Work to complete: Reproduce every line of the listing as written, apart from the pictures.

Data block:

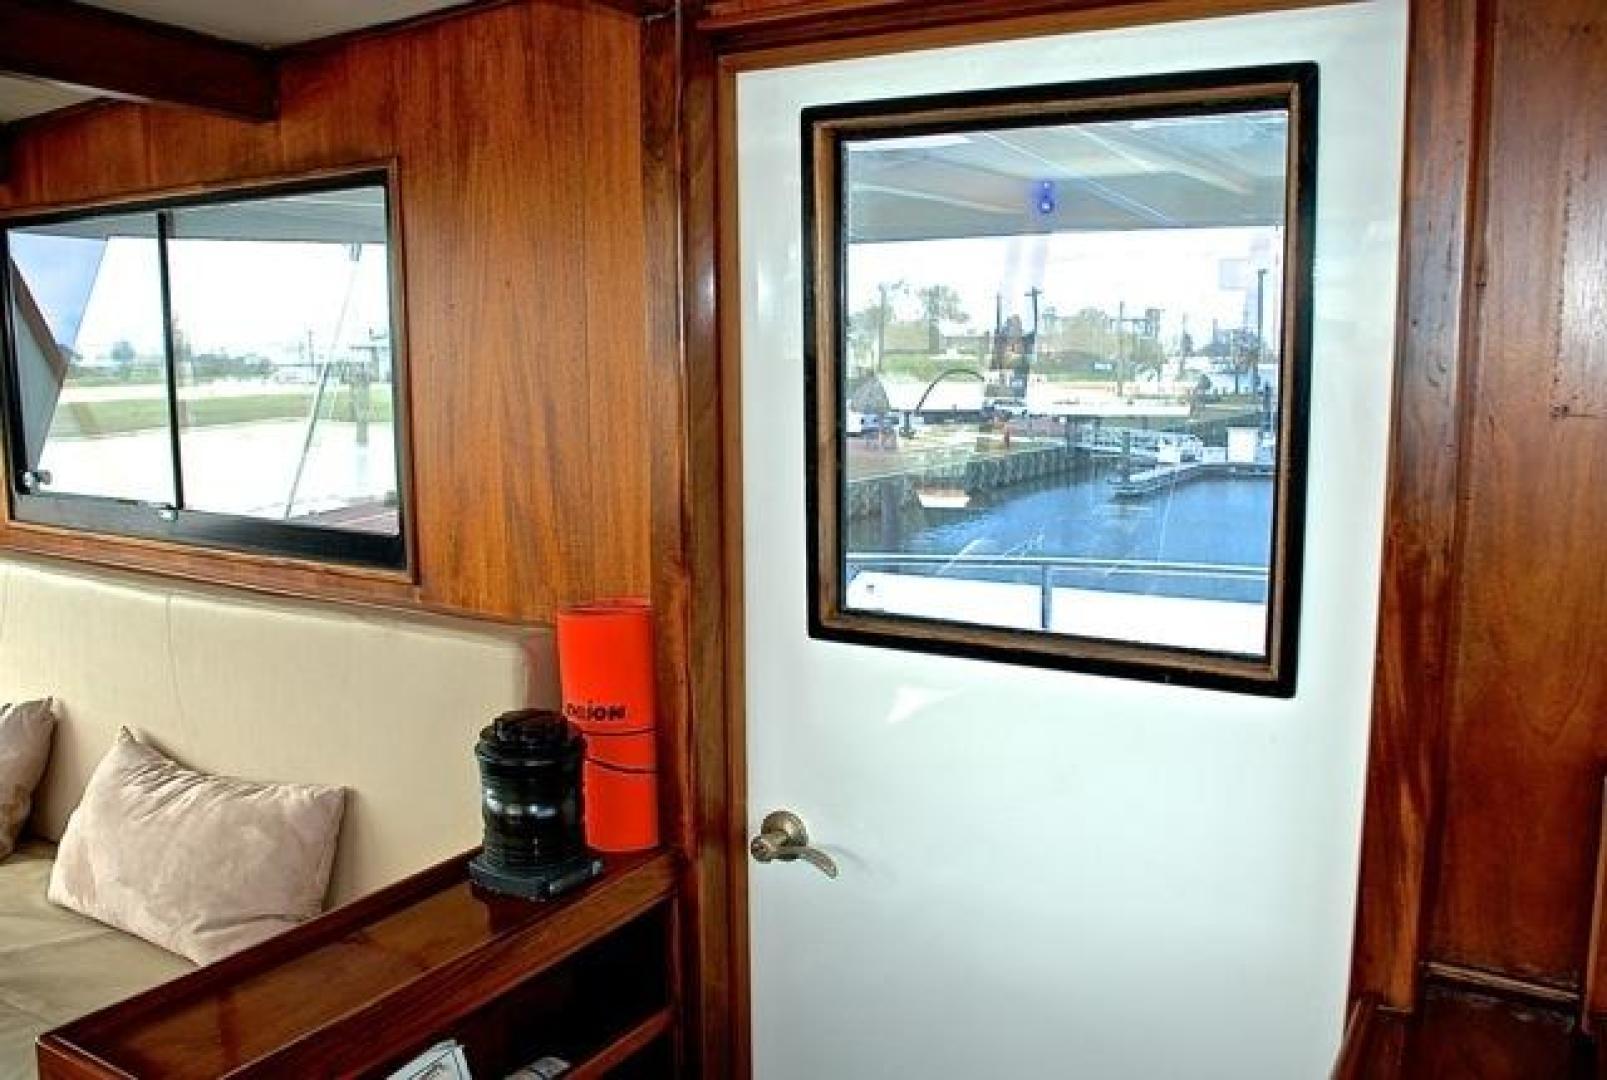 Infinity-Cockpit Motor Yacht 2001-Dont Matter Houston-Texas-United States-Upper Deck Entrance-1005563 | Thumbnail
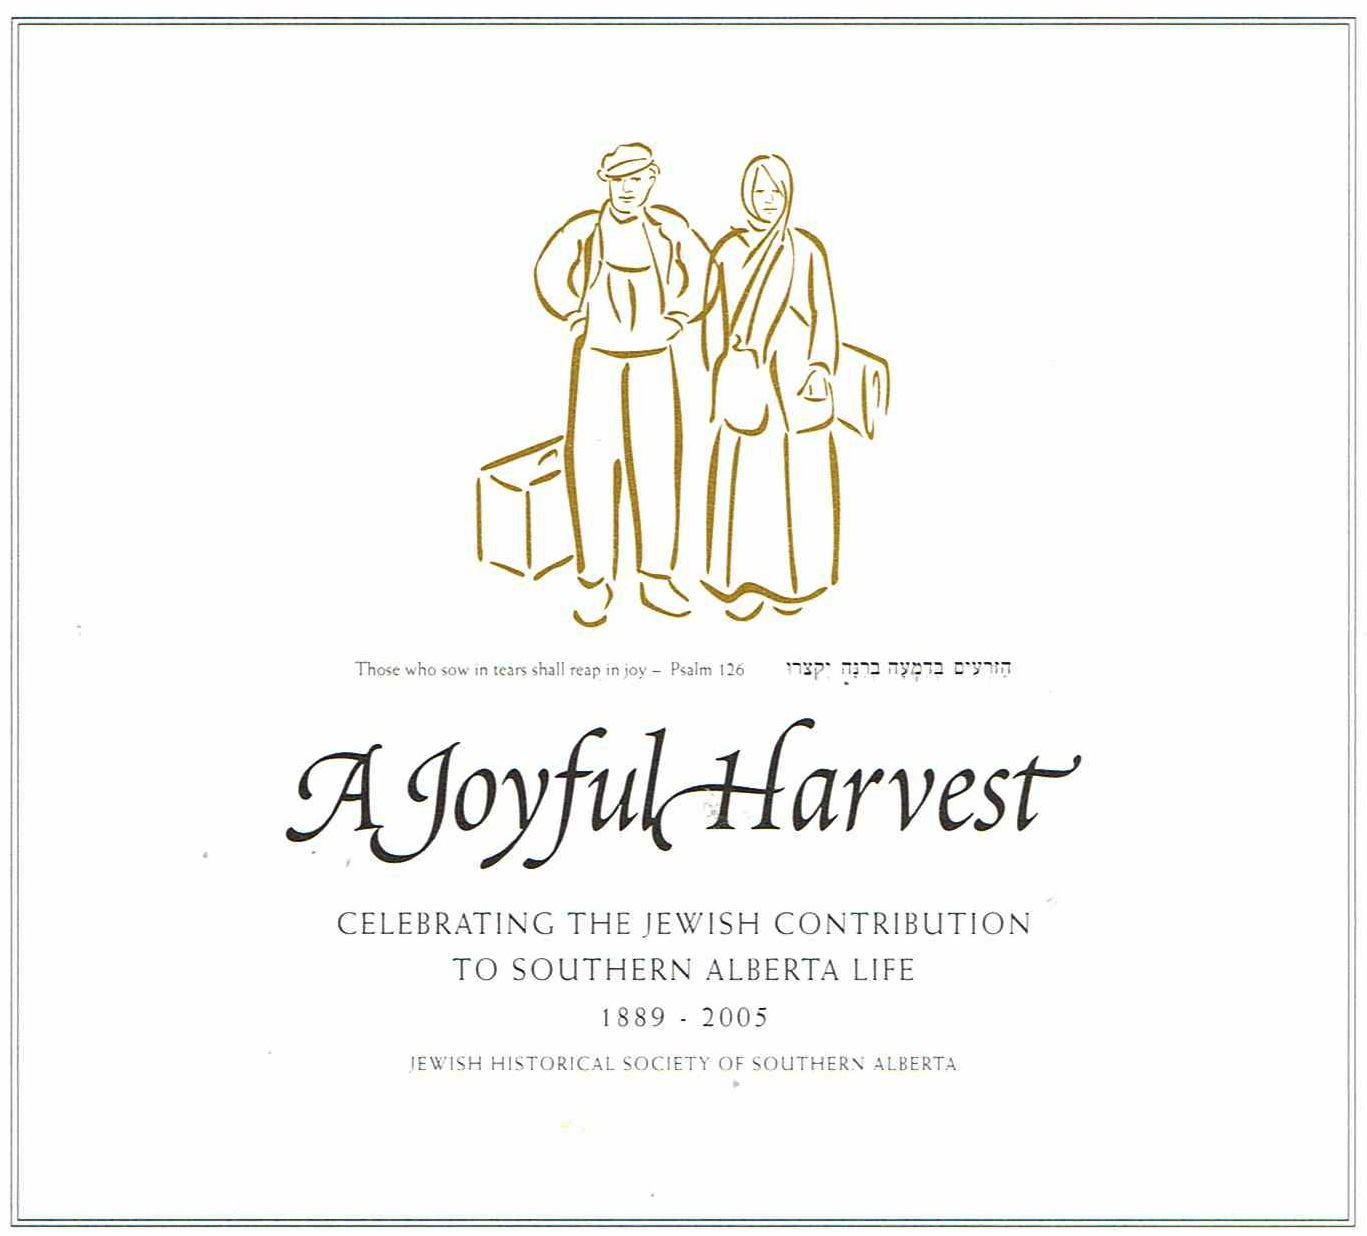 A Joyful Harvest
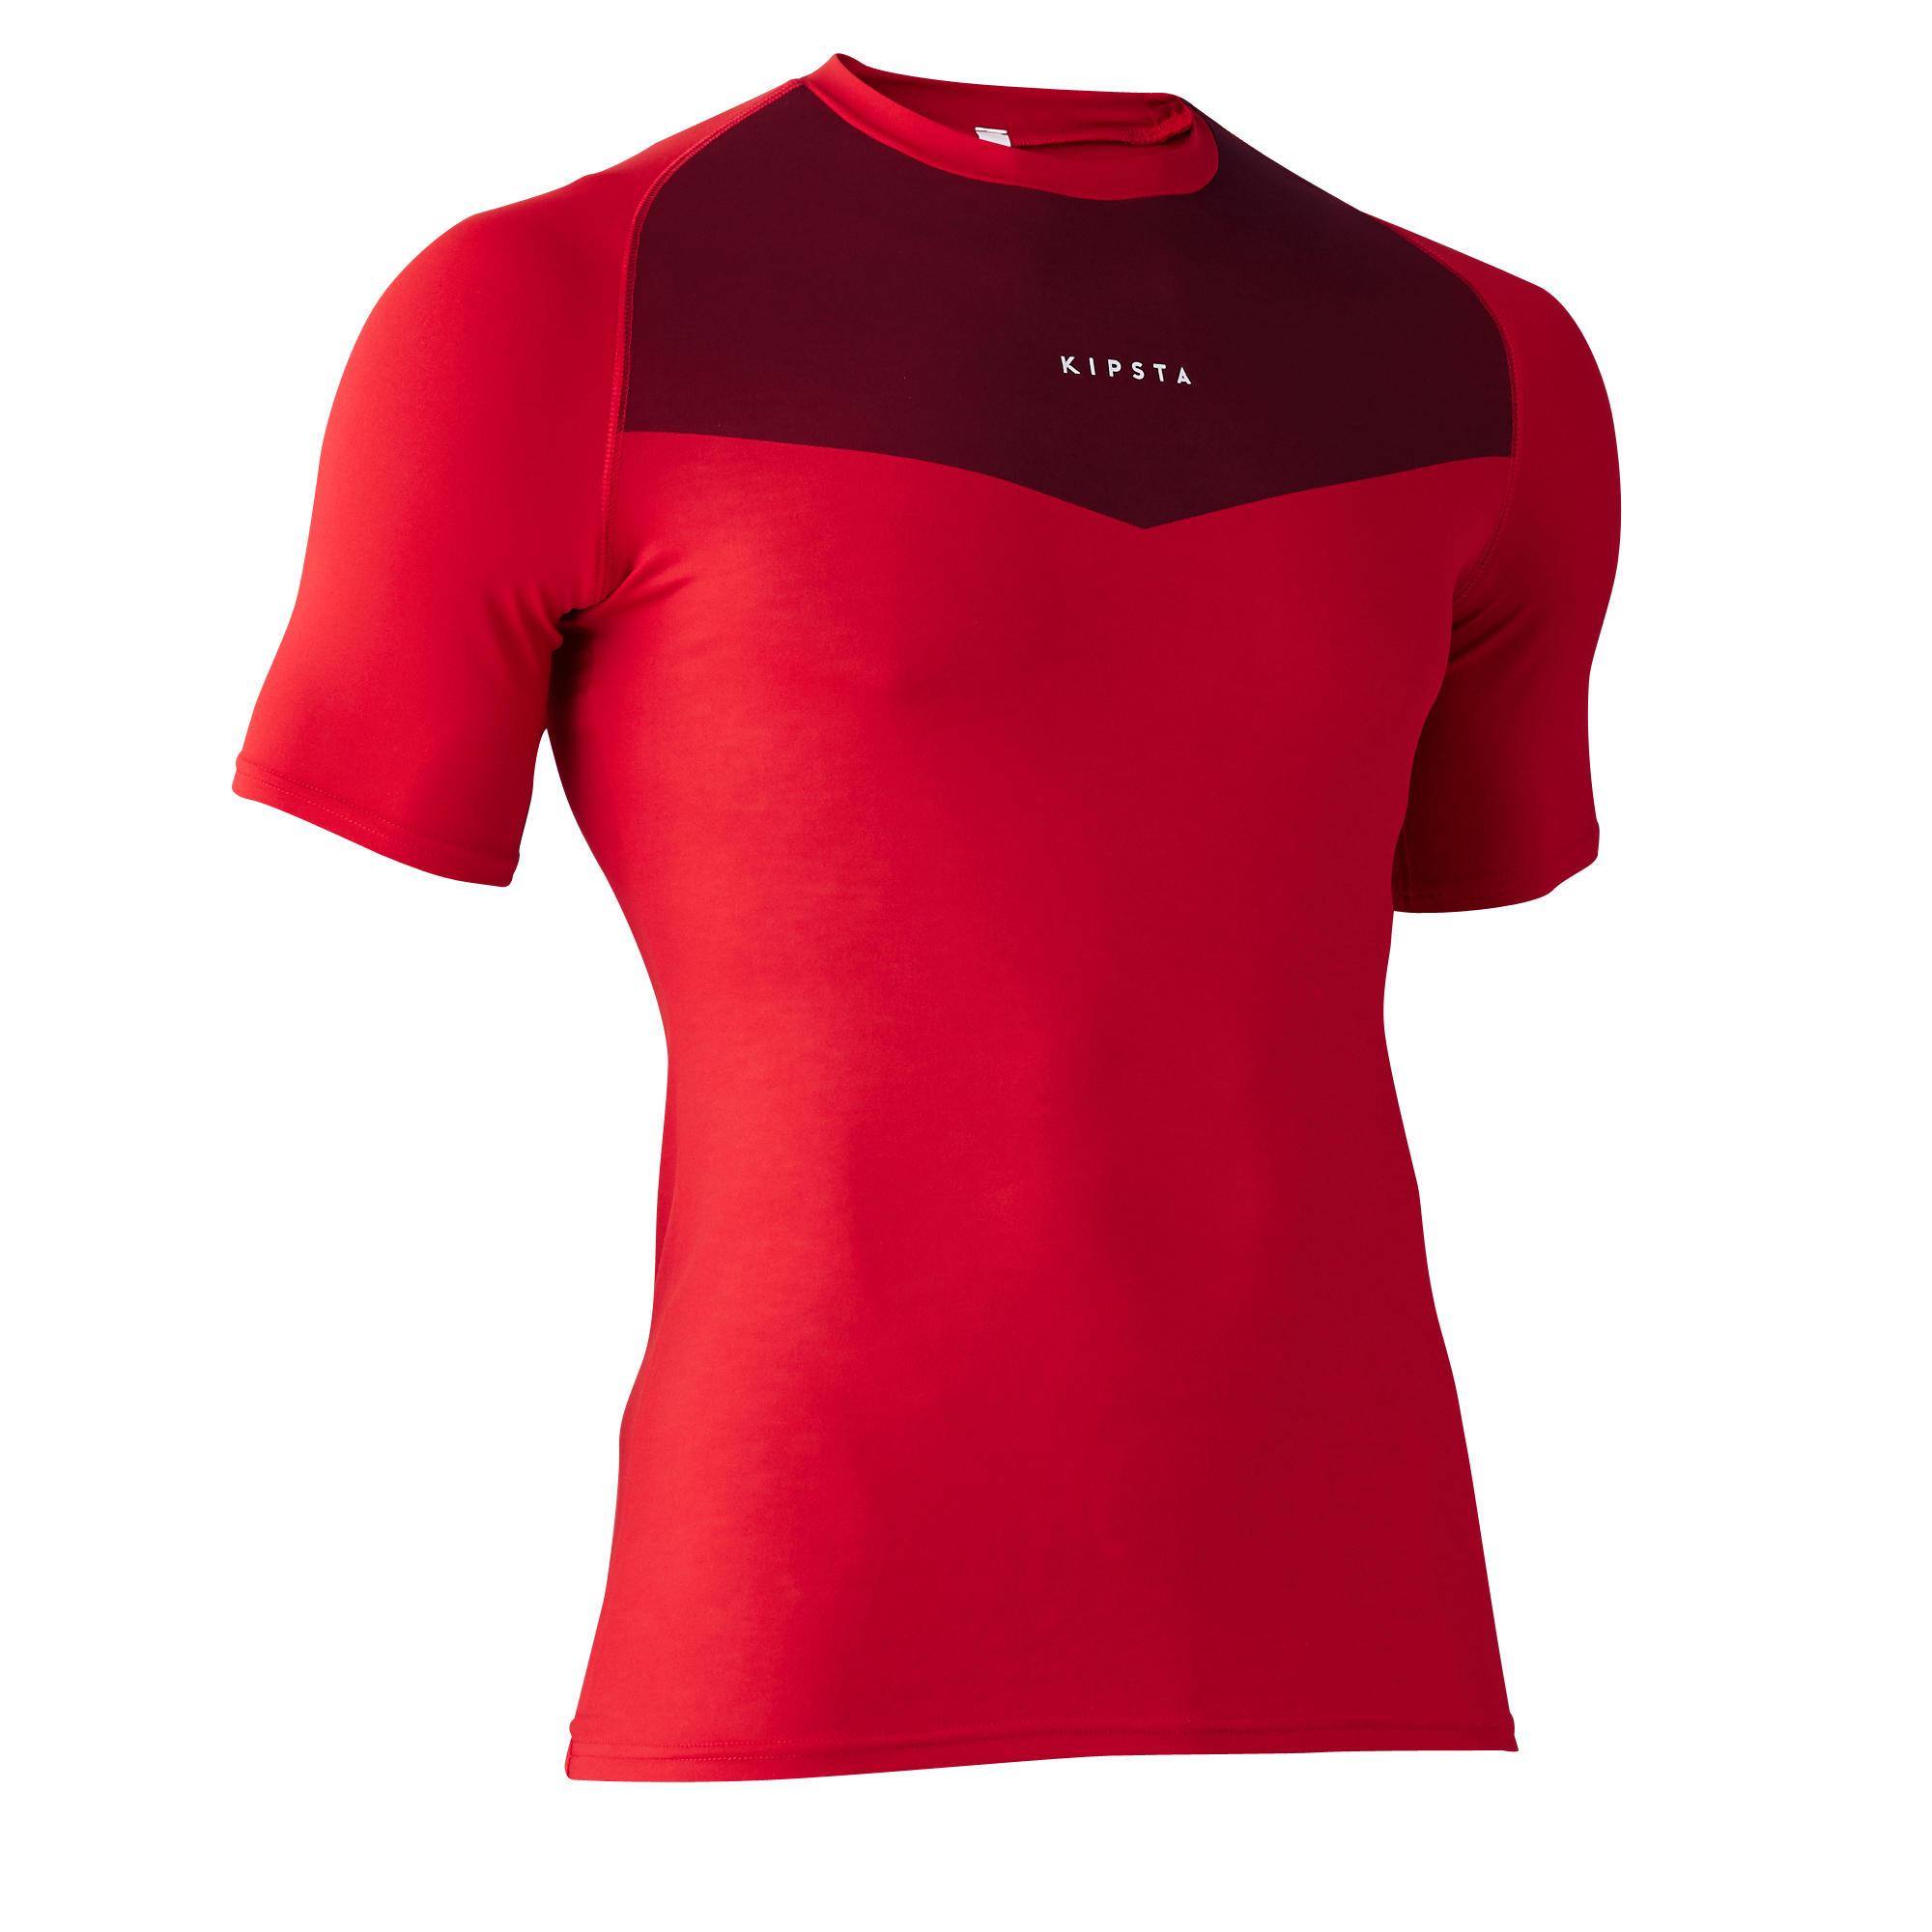 Kipsta Thermoshirt Keepdry 100 korte mouwen volwassenen rood
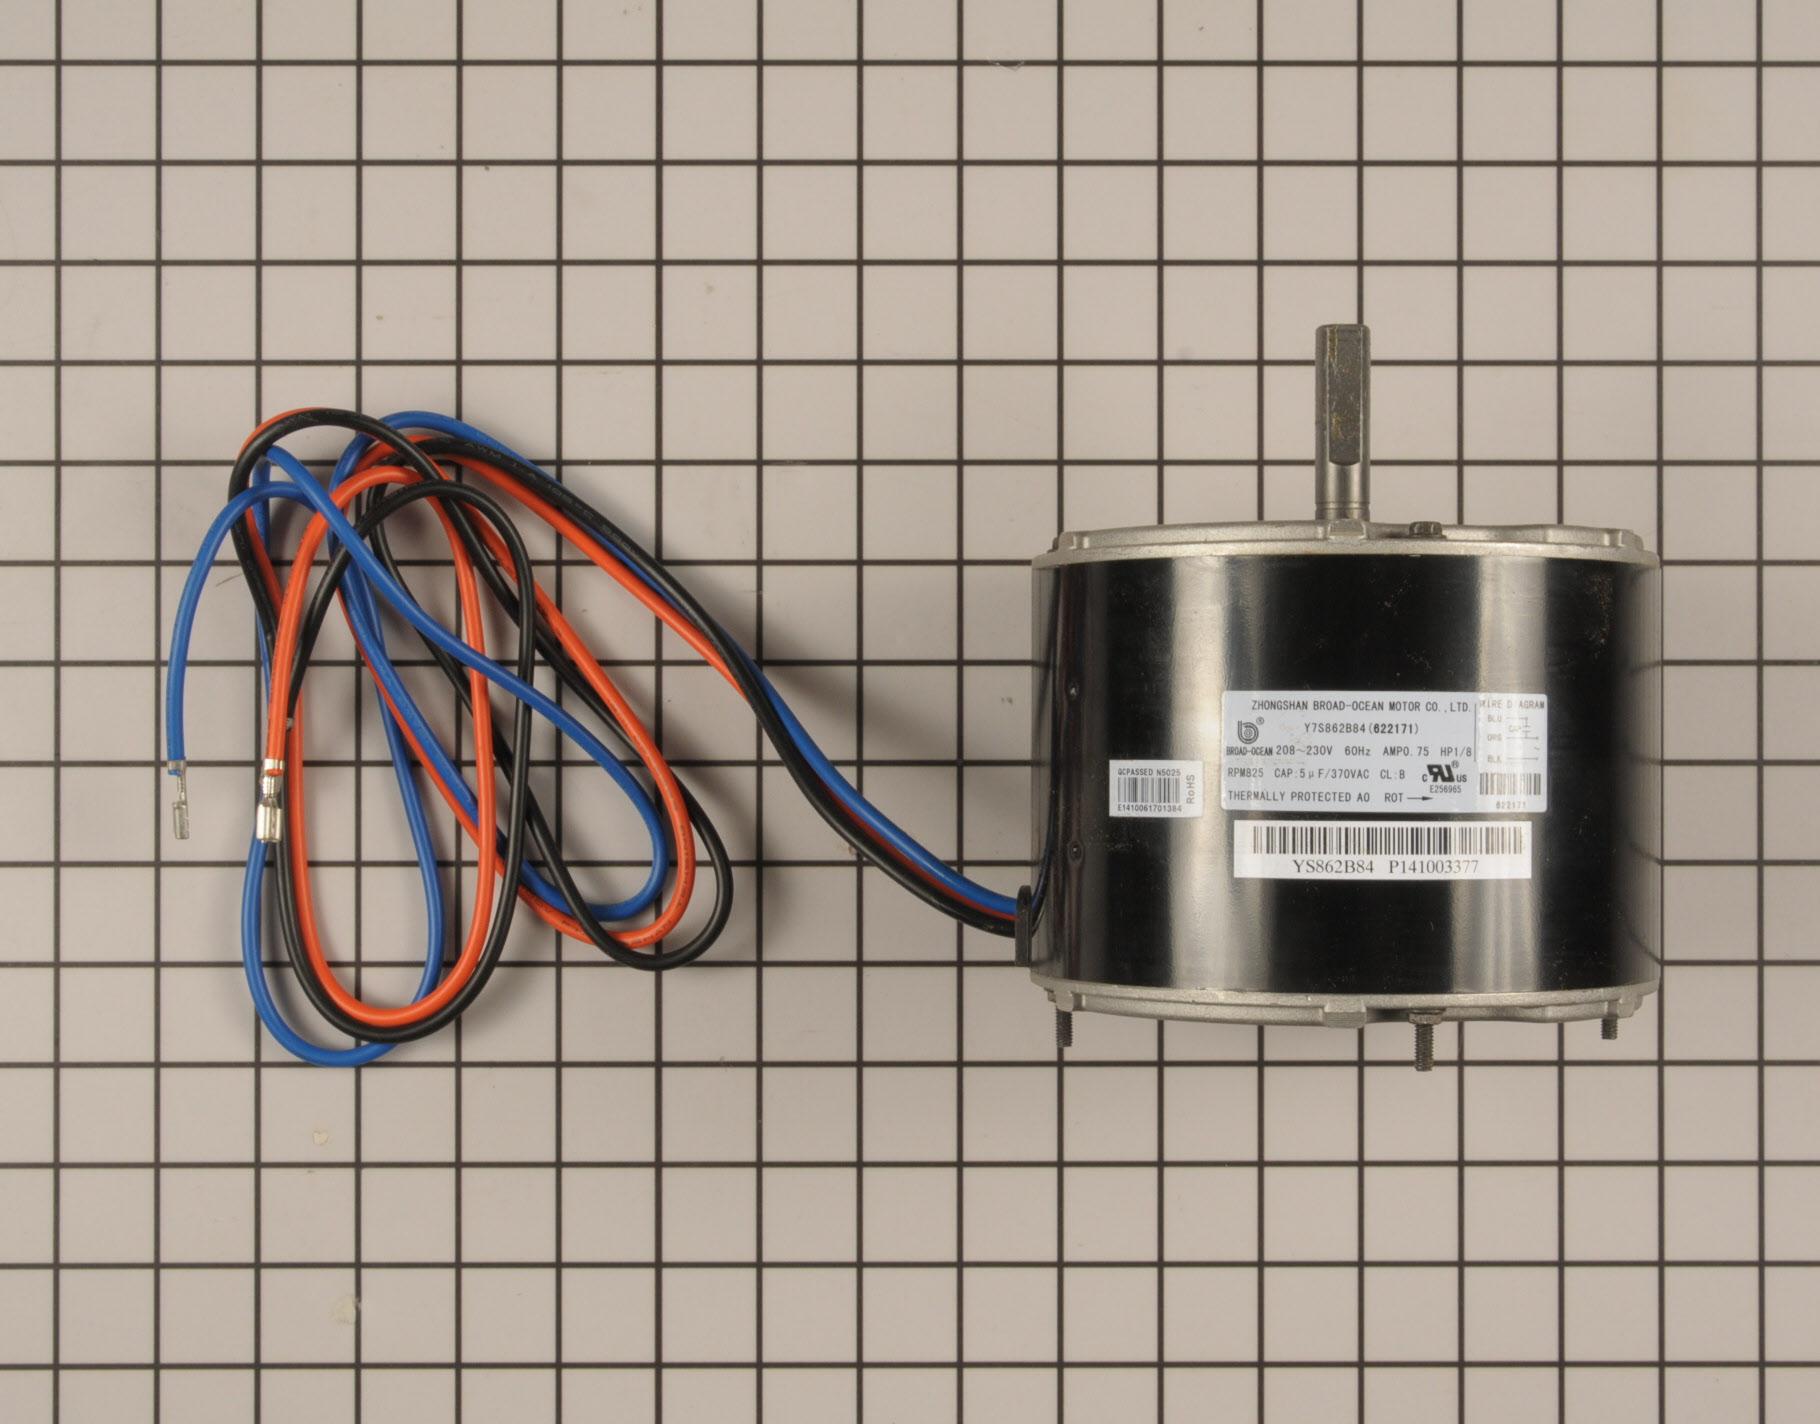 Frigidaire Central Air Conditioner Part # 622171 - Condenser Fan Motor

Your response:
 Infinity-Cockpit Motor Yacht 2001-Dont Matter Houston-Texas-United States-Upper Deck Entrance-1005563 | Thumbnail
 A Joyful Harvest
 Kipsta Thermoshirt Keepdry 100 korte mouwen volwassenen rood
 Frigidaire Central Air Conditioner Part # 622171 - Condenser Fan Motor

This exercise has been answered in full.